During the data ingestion in the real-time part of our database, we intern(issue a stable int identifier) all incoming strings. Let’s call the result of this process a StringInt dictionary. Later, during the querying at our historical part, we first needed to determine which id was assigned to each specific string from the query to operate with ingested data. Then, the results needed to be converted back to strings.

Here is an example of a request:

{
"metric": "whitefalcon.messages.consumed",
"start": "2022-04-05 11:27:21",
"end": "2022-04-05 11:29:21",
"tags": {
"dc": [ "HK", "SG" ],
"cluster": [ "A", "B" ]
},
"groupBy" : [ "messageType" ]
}

To intern the query, we need to do reverse(String->Int) lookup, meaning we need to find an Int id for a specific String. After interning, the request will look as follows:

{
"metric": 5962,
"start": "2022-04-05 11:27:21",
"end": "2022-04-05 11:29:21",
"tags": {
3: [ 12, 14 ],
15: [ 52, 315 ]
},
"groupBy" : [ 411 ]
}

After executing the query, we need to do forward(Int->String) lookup to get actual strings by ints before we can serve the response to the client.

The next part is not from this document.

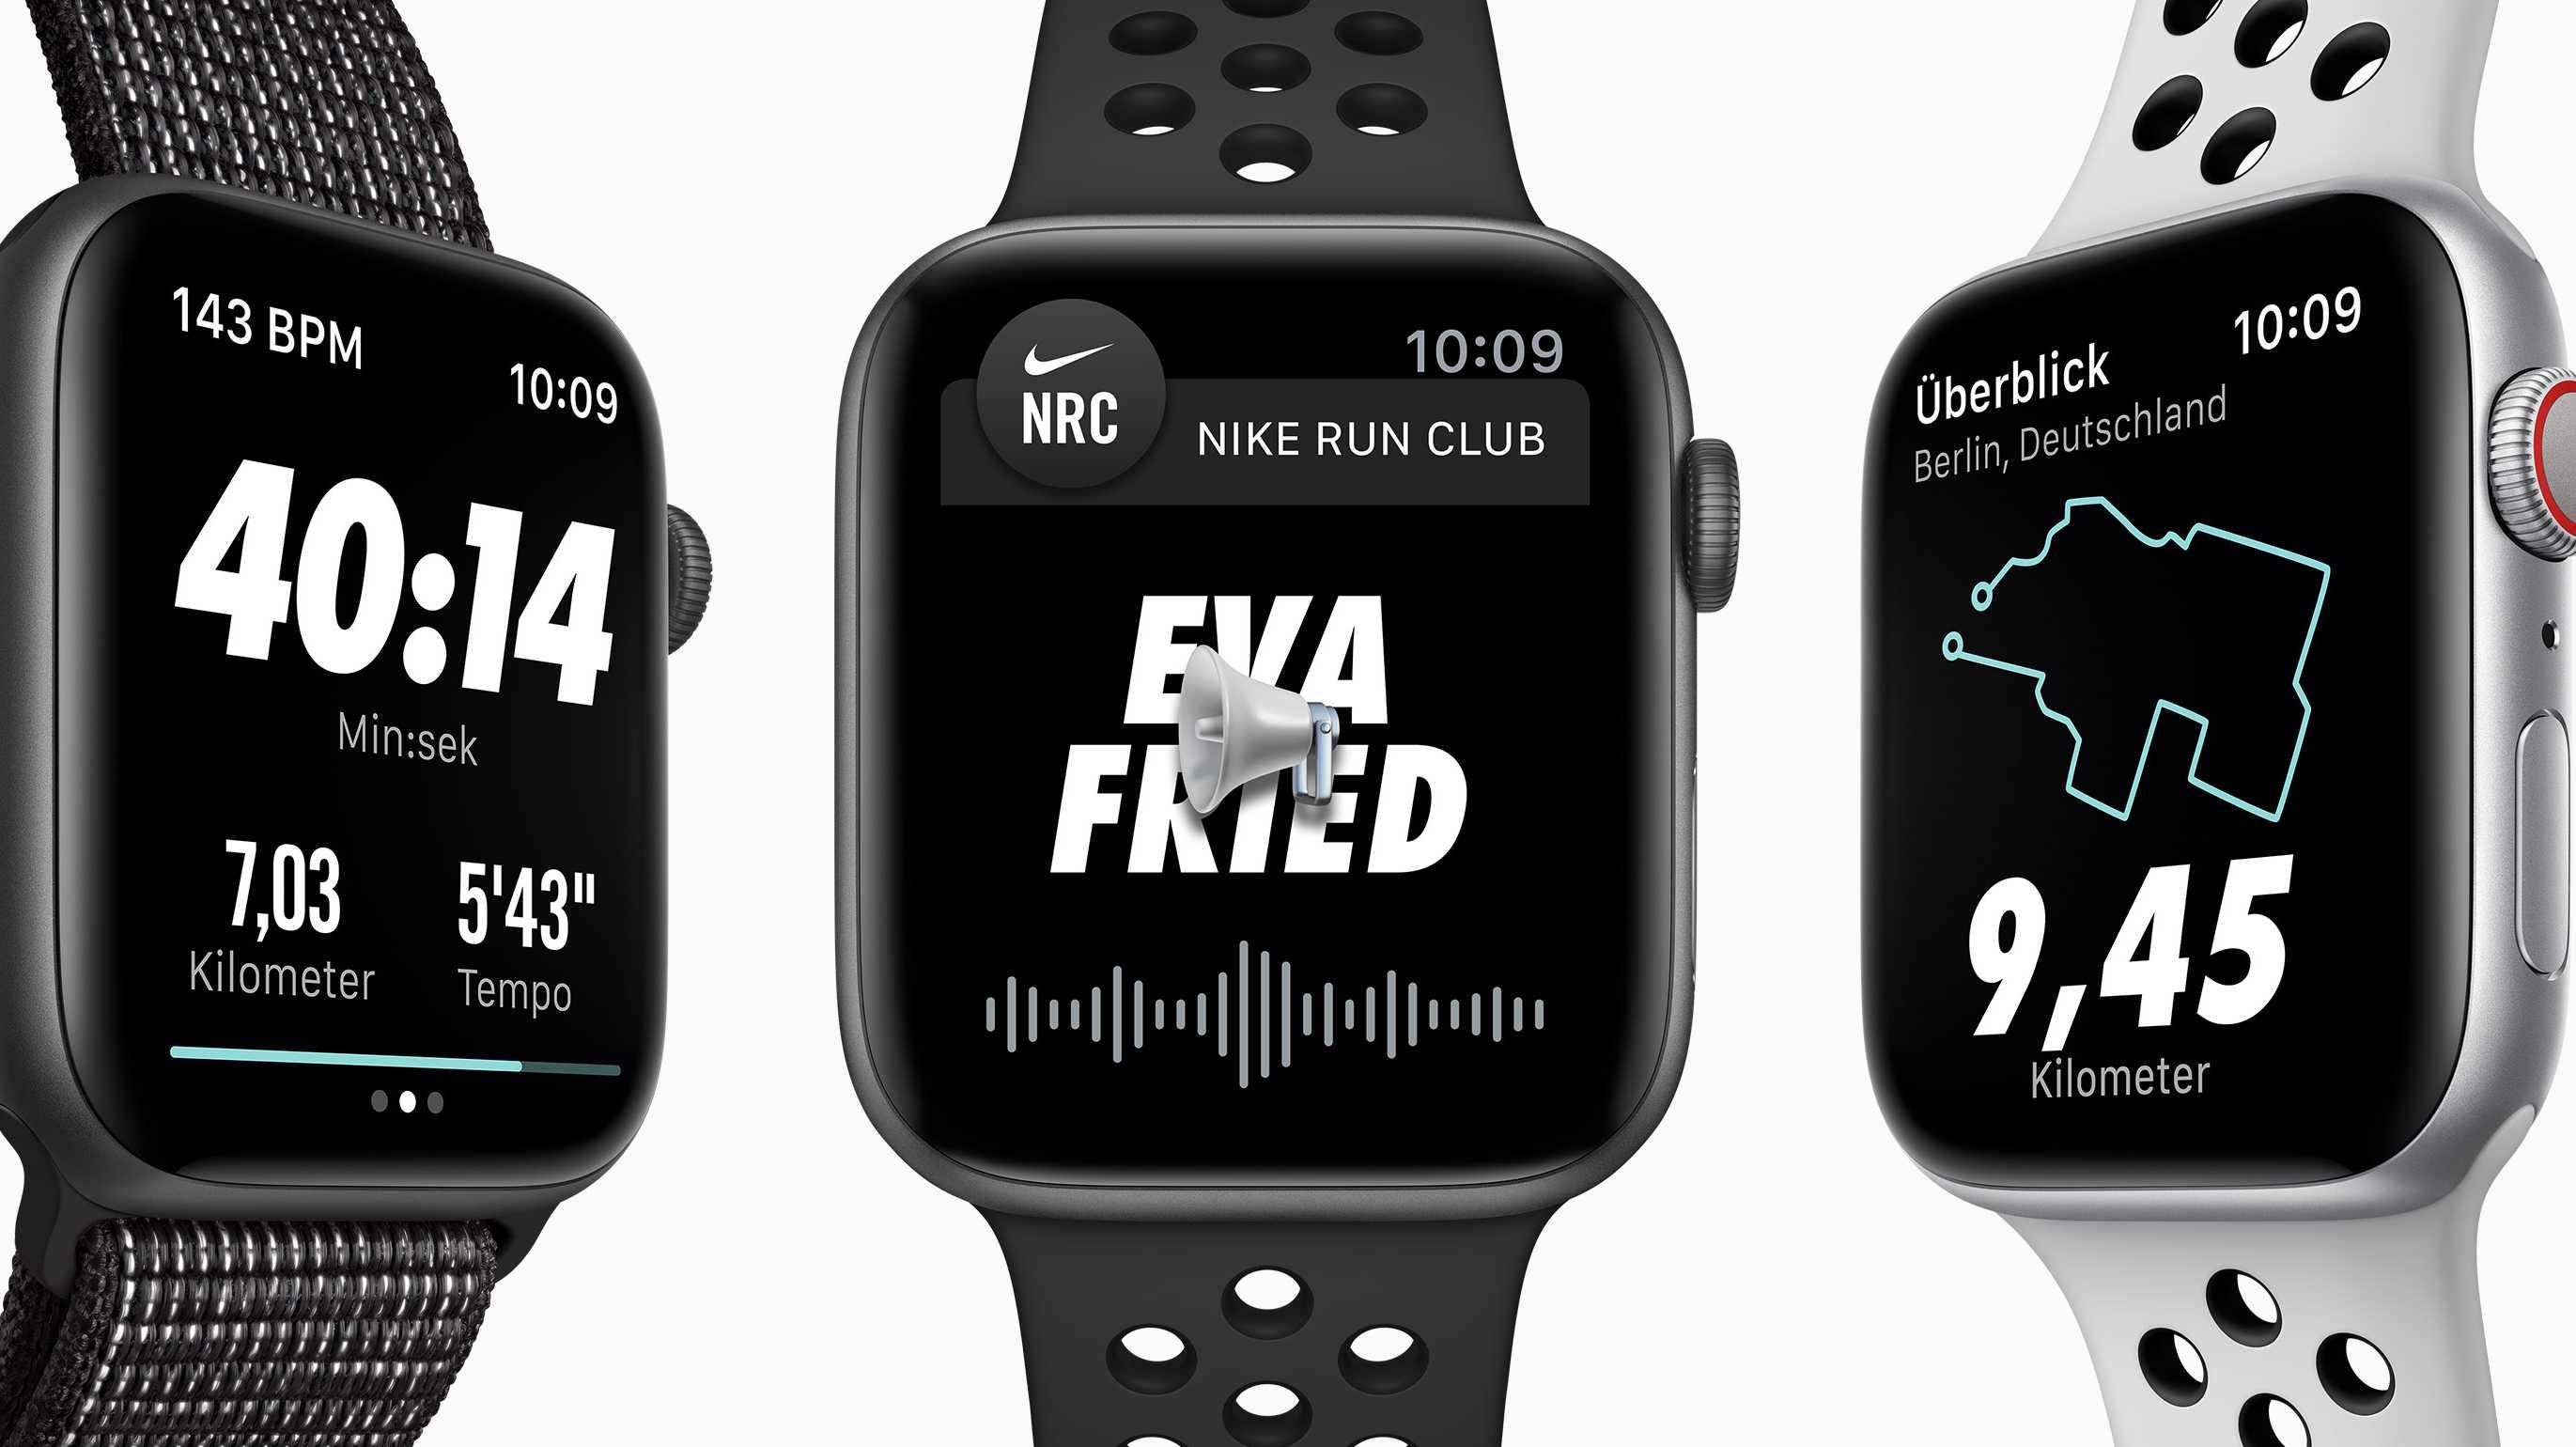 Dritte Variante der Apple Watch Series 4 verfügbar
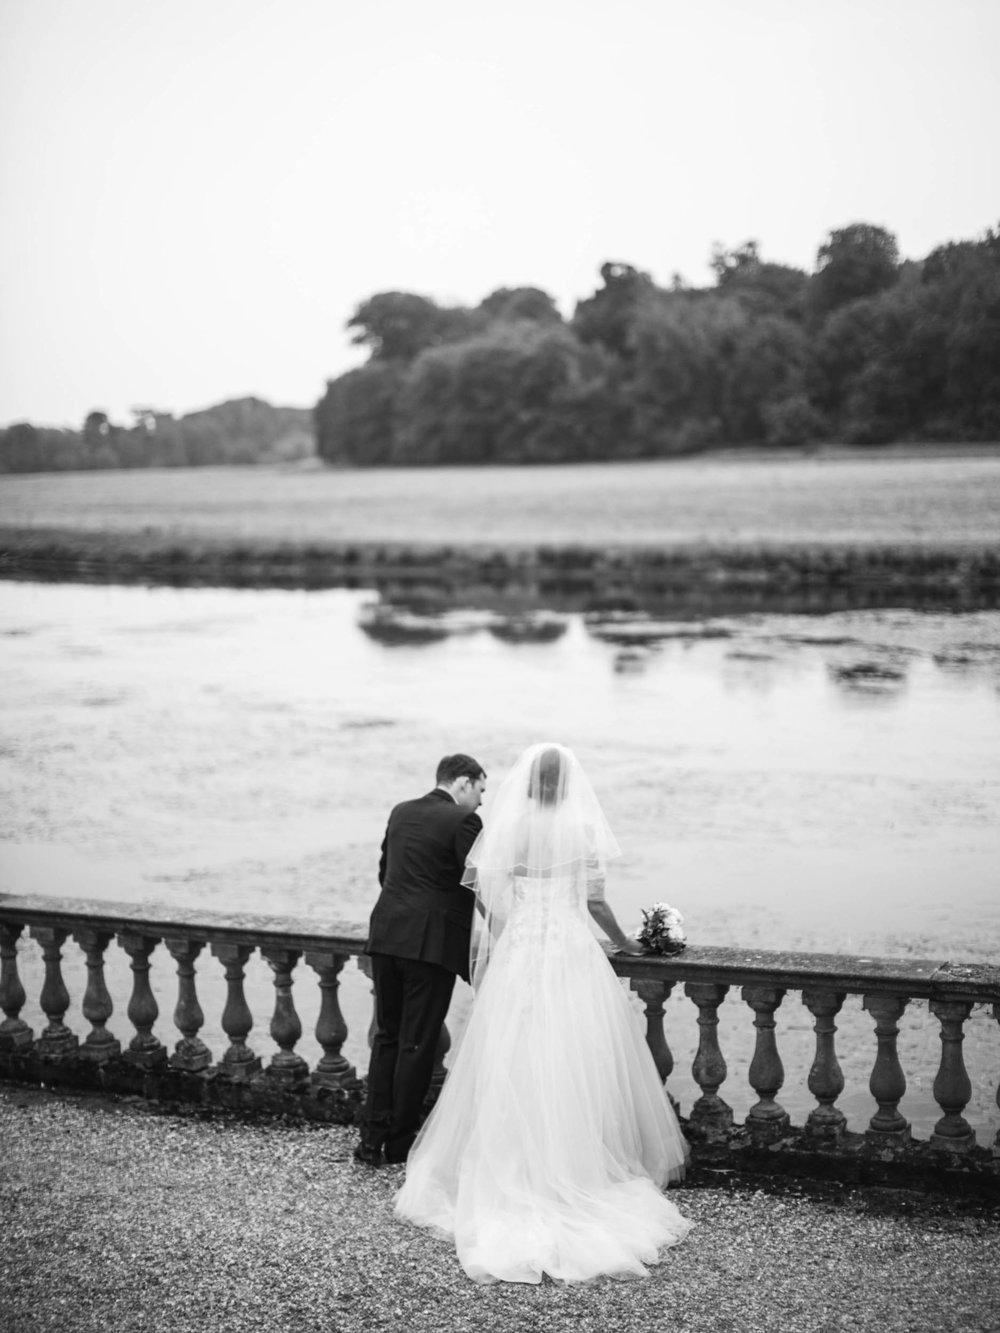 Amy O'Boyle Photography- Destination & UK Fine Art Film Wedding Photographer- Stoneleigh Abbey Wedding-54.jpg

To process each query, we might need to combine the results of querying multiple partitions. Each partition has its dictionary since they were created at different times and by different ingesting instances.

Hence we can formulate problem as follows — how to organize multiple dictionaries in our application to have efficient access to direct and reverse lookups?

Note: potentially this problem could be solved by using some KV libraries like RocksDB/LevelDB, SQLite, or even with some separately deployed distributed systems(although network latency would dramatically reduce overall performance), today we will discuss only handcrafted solutions.

Throughout the article the following tools and languages will be used:

Let’s create a contract for our data structure:

Since ids are being issued sequentially starting from 0, our dictionary is stored in the format of string array. Here string has it’s cell index as id:

+-------------------+----------------+---------------+------
| number of entries | string1 length | string1 bytes | ....
+-------------------+----------------+---------------+------

The number of strings in each dictionary varies a lot depending on multiple factors (partition time, partition size, etc), as well as content of the strings themselves. For simplicity let’s imagine all dictionaries have strings containing 20 alphanumeric symbols, with around 100k strings, which sums up to ~ 2MB of raw data on disk for each dictionary.

Let’s define our constraints:

  • App instance size — 8 cpu cores + 16 GB RAM.
  • Workload — 1kk direct lookups and 3k reverse lookups per second
  • Total number of dictionaries ~ 10k
  • ~1.5k dictionaries are required for 90% queries
  • All dictionaries are immutable

In-memory hash-maps

Let’s start with straightforward approach — load dictionary fully into memory from disk. It makes direct lookup fast since we just need to access array cell, and for reverse lookup just aggregate a Map[String,Int].

For those who are unfamiliar with Scala strings.zipWithIndex.toMap does the following:

  1. It maps string array [“hello”,”world”] into tuple sequence [(“hello”,0), (“world”,1)]
  2. toMap function aggregates created sequence with indexes into Map[String, Int]
Flamegraph for dictionary creation

For each request, additional array of 100k objects plus actual reverse map will be allocated. Reverse map will have boxed integers, meaning 100k more objects(we could mitigate it by increasing integer cache size, but what if our dictionary would have 5kk strings?). In total, it will sum up to several hundreds of KB of allocations just to convert our string array into queryable data structure.

We will keep our CPU busy creating our dictionary, and later GC(Garbage Collector) will burn the rest of the CPU. And this all is just for one instance. What if you need to read about 100 of them for each query?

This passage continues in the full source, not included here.